KR100672686B1 - Cmos image sensor and method for manufacturing the same - Google Patents

Abstract

A CMOS image sensor and a method for manufacturing the same are provided to prevent dark current by forming an indium-diffusion region on an upper surface of a photodiode. A photodiode region(103) is formed at an active region of a substrate(101). An indium-diffused region(104) is formed on the surface of the photodiode region. An interlayer dielectric(105) is formed on the resultant structure. A color filter layer(106) is formed on the interlayer dielectric corresponding to the photodiode region. A planarization layer(107) is formed on the resultant structure.
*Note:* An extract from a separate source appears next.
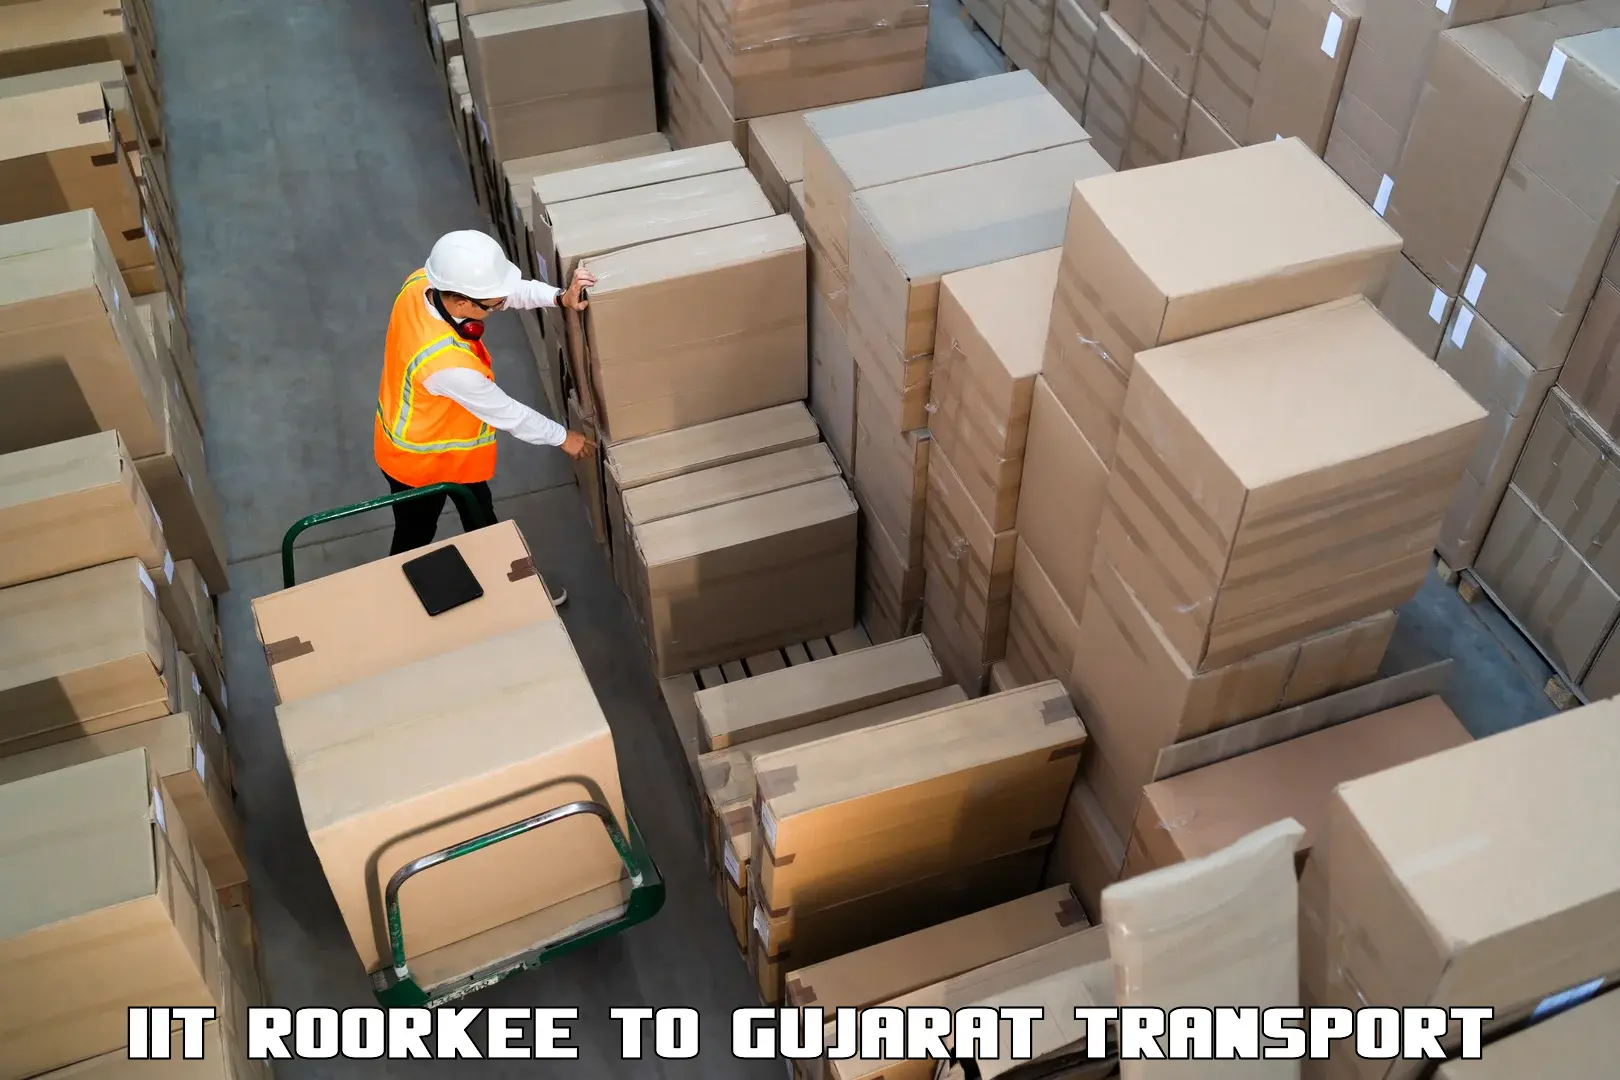 Lorry transport service IIT Roorkee to GIDC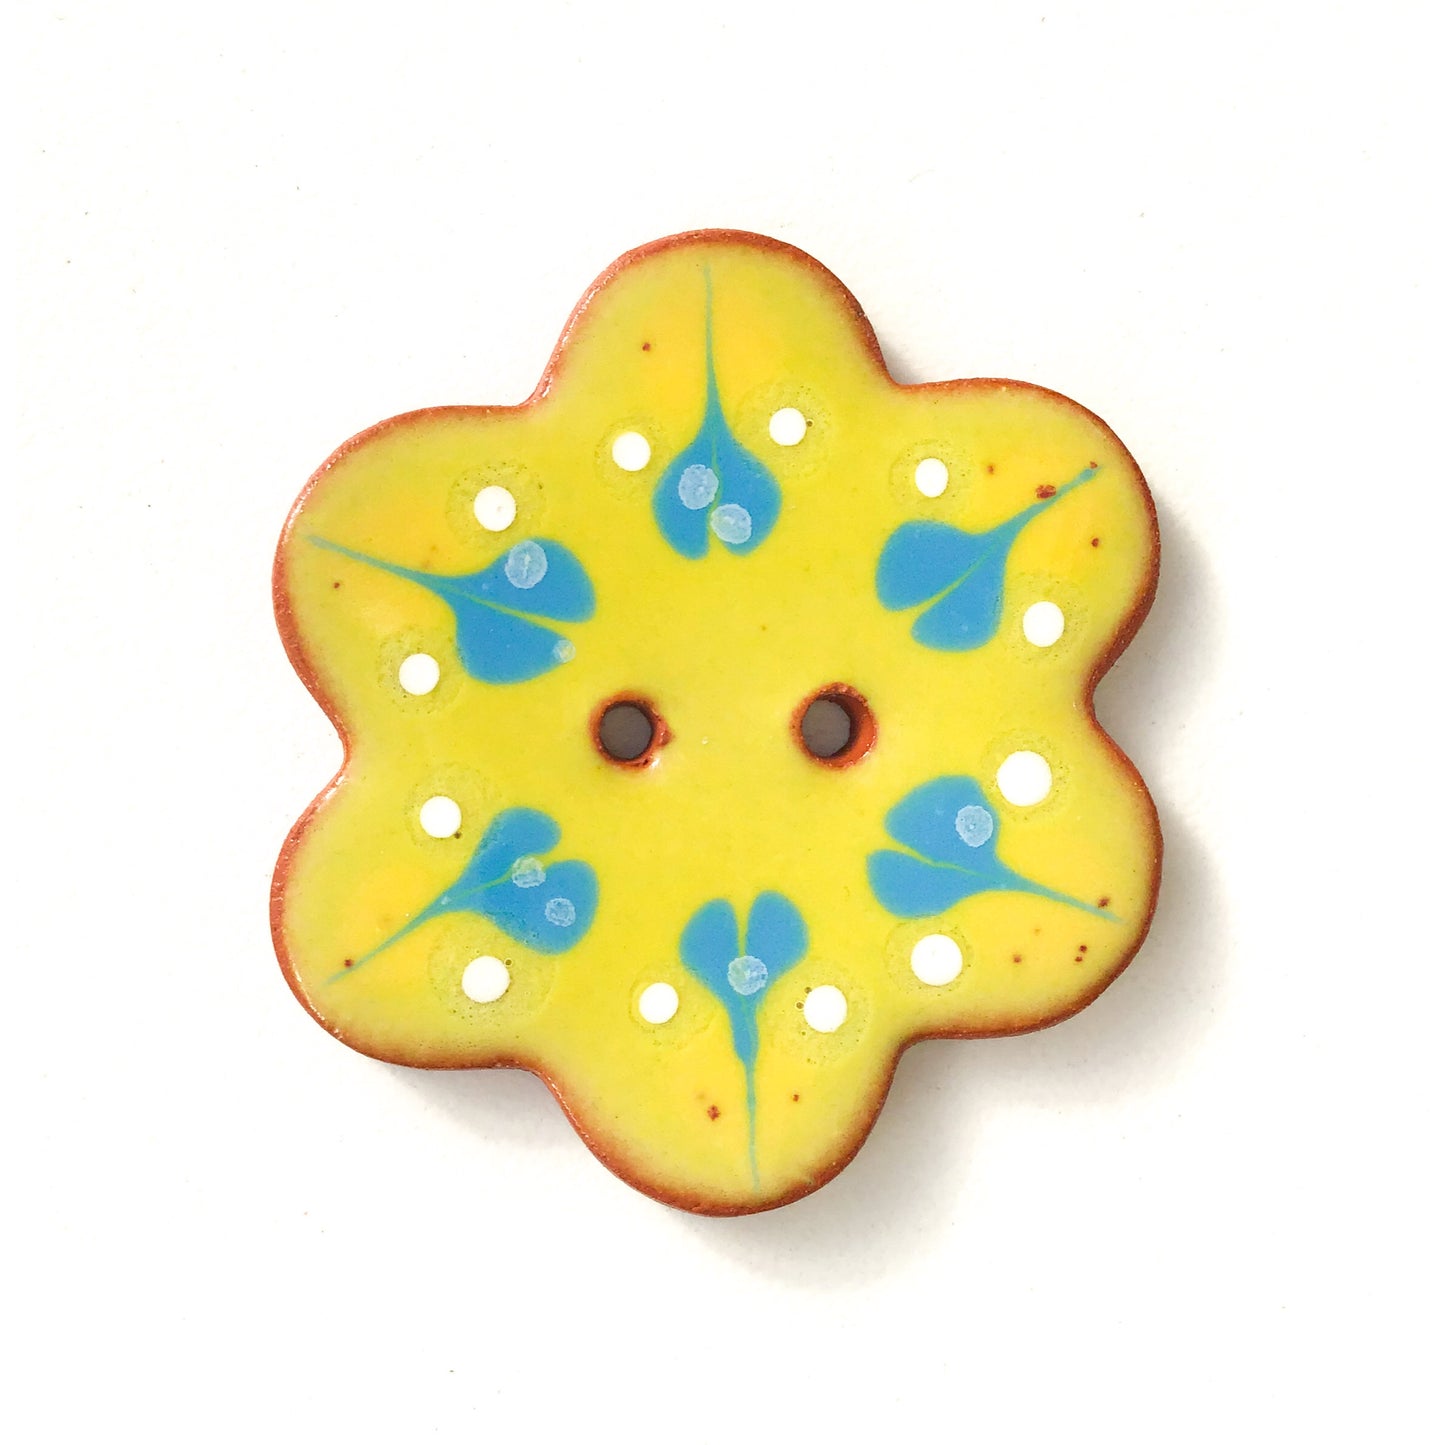 Chartreuse Flower Shaped Ceramic Button - Decorative Clay Buttons - 1 3/8" (ws-47)

A micro-lens(108) is formed on the planarization layer corresponding to the color filter.

Description

CMOS image sensor and method for manufacturing the same

1 is an equivalent circuit diagram of a typical 4T CMOS image sensor

2 is a layout diagram showing unit pixels of a general 4T CMOS image sensor;

3A to 3E are cross-sectional views illustrating a method of manufacturing a CMOS image sensor according to the prior art.

FIG. 4 is a view showing a profile in which boron ions are implanted into an upper surface of a photodiode region in manufacturing a CMOS image sensor according to the prior art; FIG.

5 shows the potential according to the profile of FIG. 4.

6 is a cross-sectional view showing a CMOS image sensor according to the present invention

7A to 7E are cross-sectional views illustrating a method of manufacturing a CMOS image sensor according to the present invention.

FIG. 8 is a view showing a profile in which indium ions are implanted into an upper surface of a photodiode region when manufacturing a CMOS image sensor according to the present invention.

9 shows the potential according to the profile of FIG. 8.

Explanation of symbols for the main parts of the drawings

101 semiconductor substrate 102 device isolation film

103: photodiode region 104: indium diffusion region

105: interlayer insulating film 106: color filter layer

107: planarization layer 108: microlens

The present invention relates to a CMOS image sensor, and more particularly to a CMOS image sensor and a method of manufacturing the same to improve the characteristics of the image sensor.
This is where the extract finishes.